Back in the Saddle Again

We're Back In The Saddle Again! | Cowgirl art, Cowboy art, Western art
Photo 1944 by Gil Elvgren (copyright Brown & Bigelow)

After nearly 8 weeks of being in the shop after an unfortunate ottoman accident, I finally have my laptop back almost as good as new. uBreakiFix really did a phenomenal job of finding parts and keeping me informed of all steps. It took a while since they were waiting on parts from various corners of the world, but in the end it was worth it since they saved me from having to buy a new laptop (yes, it was much more cost-effective in the long run to get it repaired vs buying new)!

The first recipe back should be epic right? Something worthy of Great British Baking Show caliber. You’d think. It’s alot of pressure truth be told. Instead, just as I kept trucking and insta-posting, so I’ll just pick up where I am as if no time has passed. Time has passed however. Two months in the dumpster fire that is 2020. I’m so over it. I’m ready to move on. It seems like one out of every three people is on quarantine and the rest of us are picking up the slack. My part-time job has kicked up and all of us are working extra. The money isn’t terrible (#ChristmasIsComing), but it definitely leaves less time for me to cook. It’s only a season. Instead, it’s actually forced me to be more organized. And also realize that I can’t do everything. Sometimes dinner has been a bowl of cereal or a salad-in-a-bag mix. And that’s ok.

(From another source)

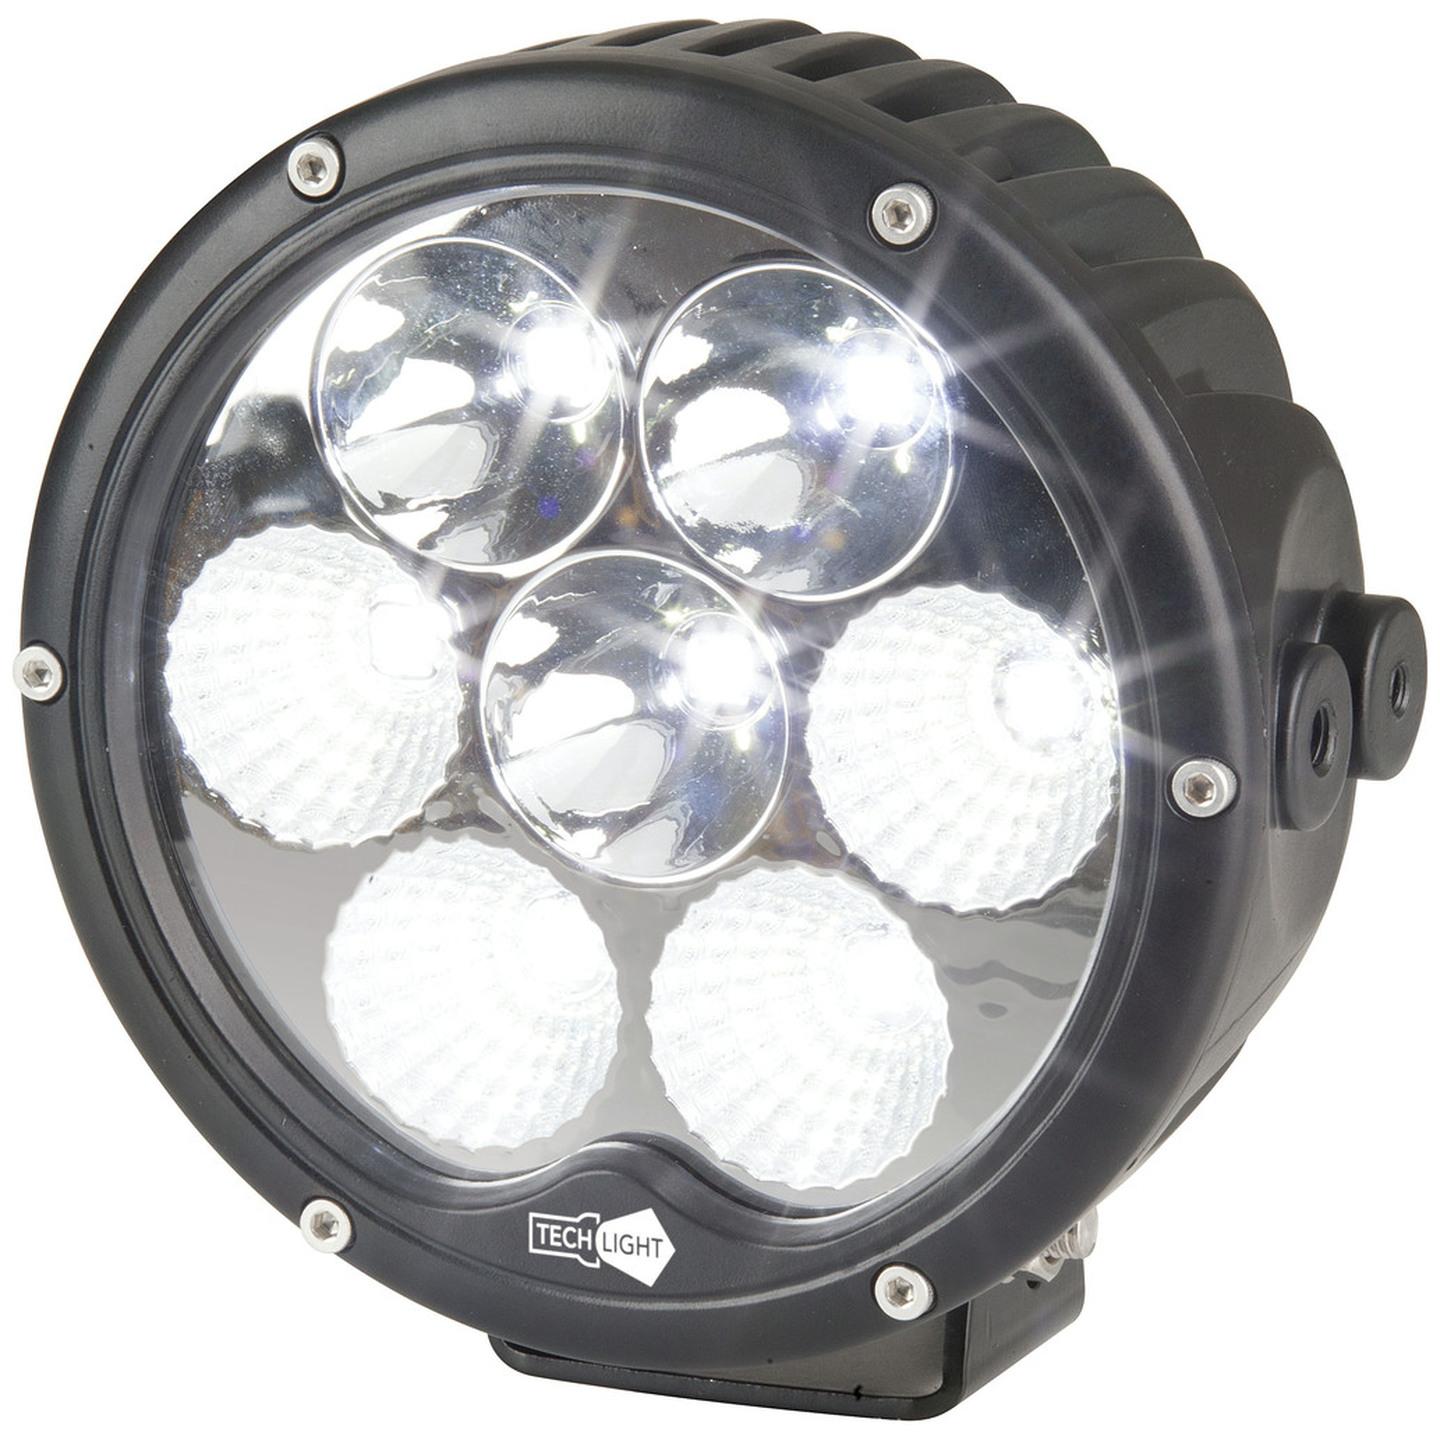 6300 Lumen 6.5 Inch Solid LED Driving Light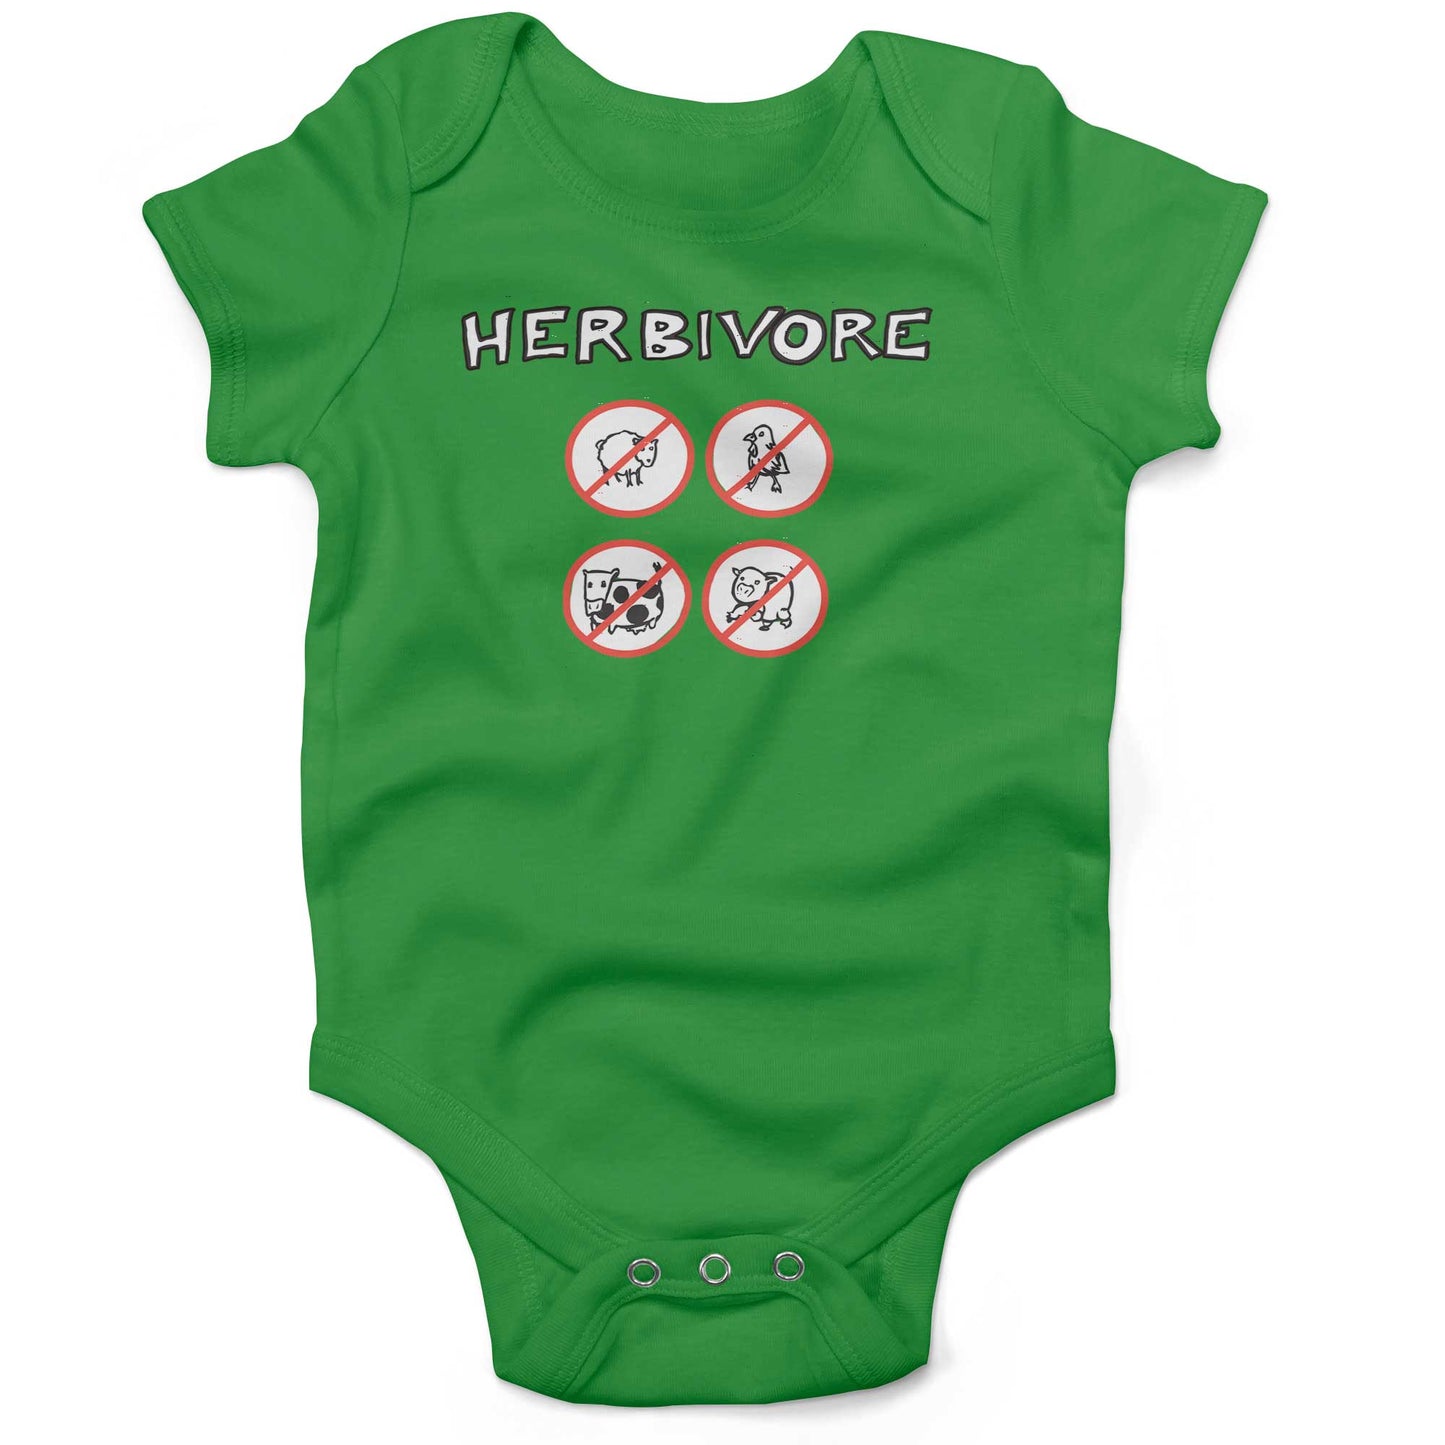 Herbivore Infant Bodysuit or Raglan Tee-Grass Green-3-6 months

This week however, I had another opportunity to carve out time to make a meal for a couple in the church with a new baby added to their family. No matter how busy we get, we can still make time to be a blessing in our community. To me, there’s scarcely anything homier and more soul-nourishing than a homecooked meal of roast chicken and veg. I don’t know many people who don’t enjoy a roast chicken. There’s a reason grocery store delis still offer seasoned, roasted chickens in their hot cases daily. Unless you burn it, or get really close by seriously overcooking it, you can’t really go wrong with a whole roast chicken.

I love dark meat on a roast chicken, but my absolute favorite thing is a crispy-sticky skin. Judge all you want, but I don’t see any reason why you should remove such a delicious part of your meal! I generally disregard it when a recipe asks me to remove the skin. I don’t need that kind of negativity in my life. I’m kidding! Kinda. This recipe from Good Housekeeping for Mahogany Roast Chicken really floated my boat in this department! Ordinarily an Asian-influenced dish, this roast is quite far removed from any Oriental origins. This doesn’t diminish it’s value however. Au contraire, it actually gives you a dish that can be enjoyed outside of any certain cuisine type. It would pair well with many sides and lends itself to any season of the year.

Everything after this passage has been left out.